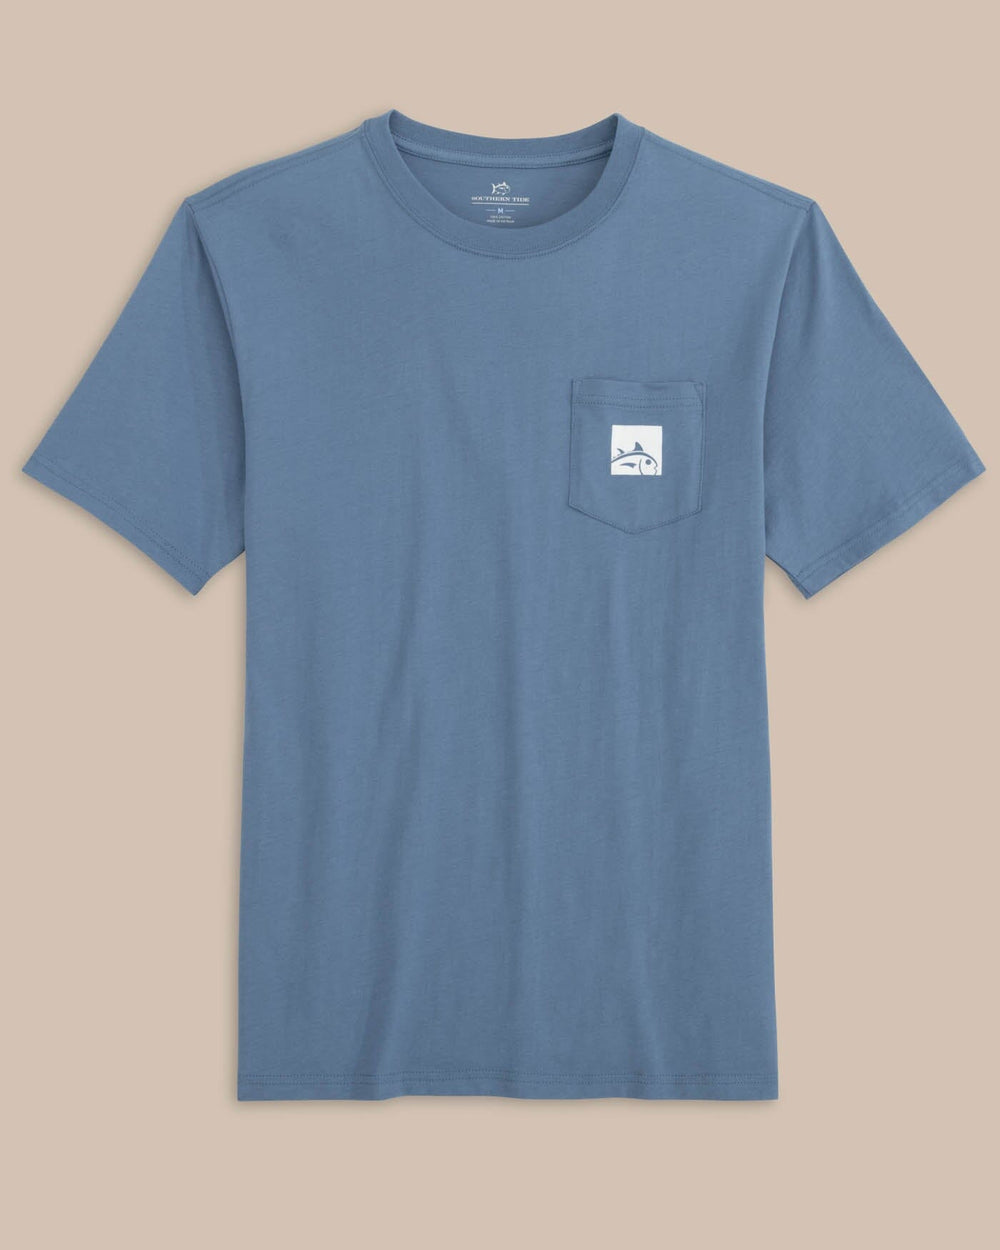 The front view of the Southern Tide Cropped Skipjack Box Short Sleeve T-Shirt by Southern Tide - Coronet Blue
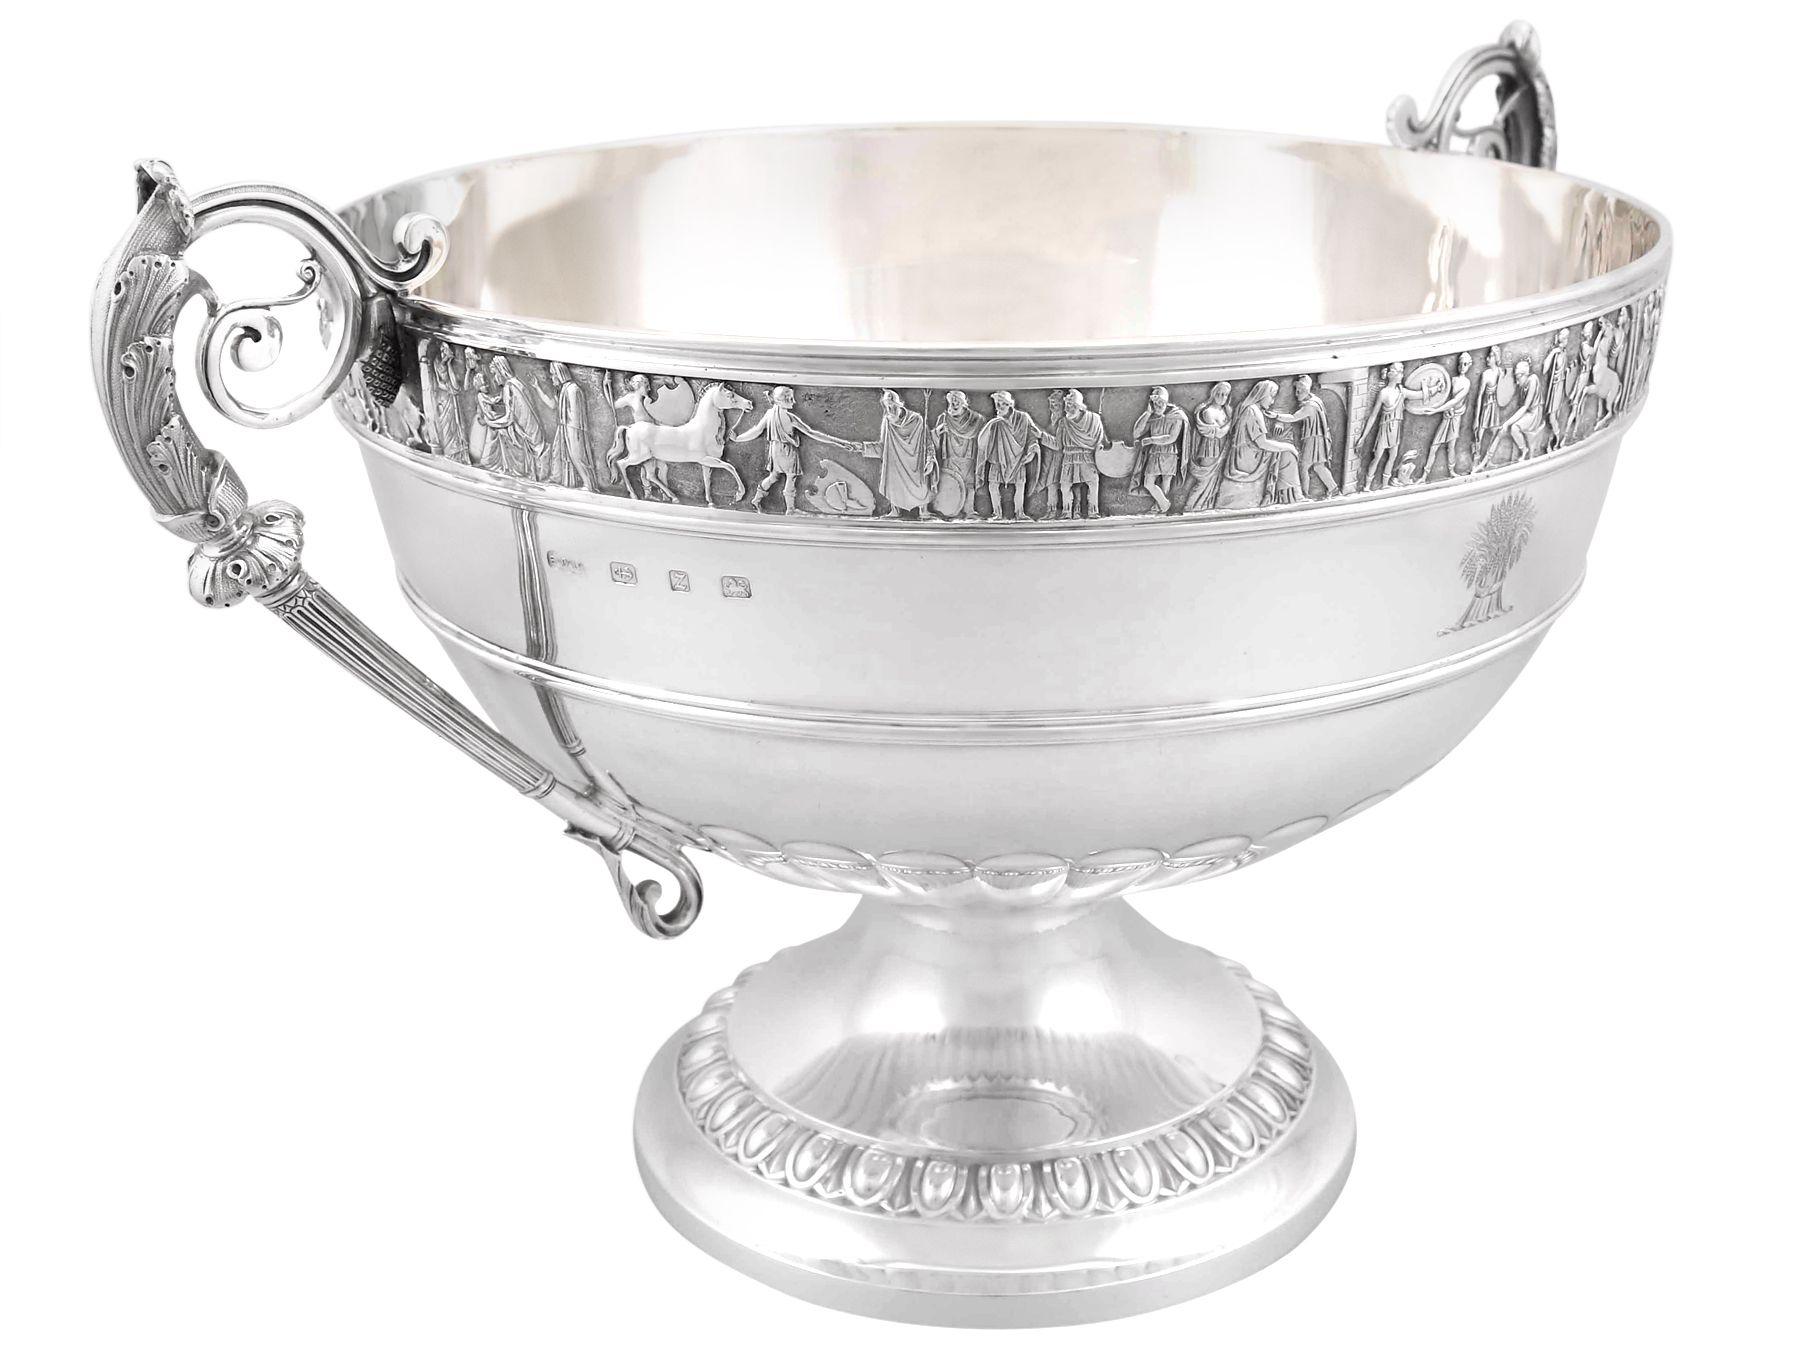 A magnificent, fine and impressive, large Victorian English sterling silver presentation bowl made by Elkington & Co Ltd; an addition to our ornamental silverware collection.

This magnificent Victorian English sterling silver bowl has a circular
- - - -
* Problem details *
Copy the material exactly as written and leave every picture behind.

* Solved exercise *
 The front view of the Southern Tide Cropped Skipjack Box Short Sleeve T-Shirt by Southern Tide - Coronet Blue
 A magnificent, fine and impressive, large Victorian English sterling silver presentation bowl made by Elkington & Co Ltd; an addition to our ornamental silverware collection.

This magnificent Victorian English sterling silver bowl has a circular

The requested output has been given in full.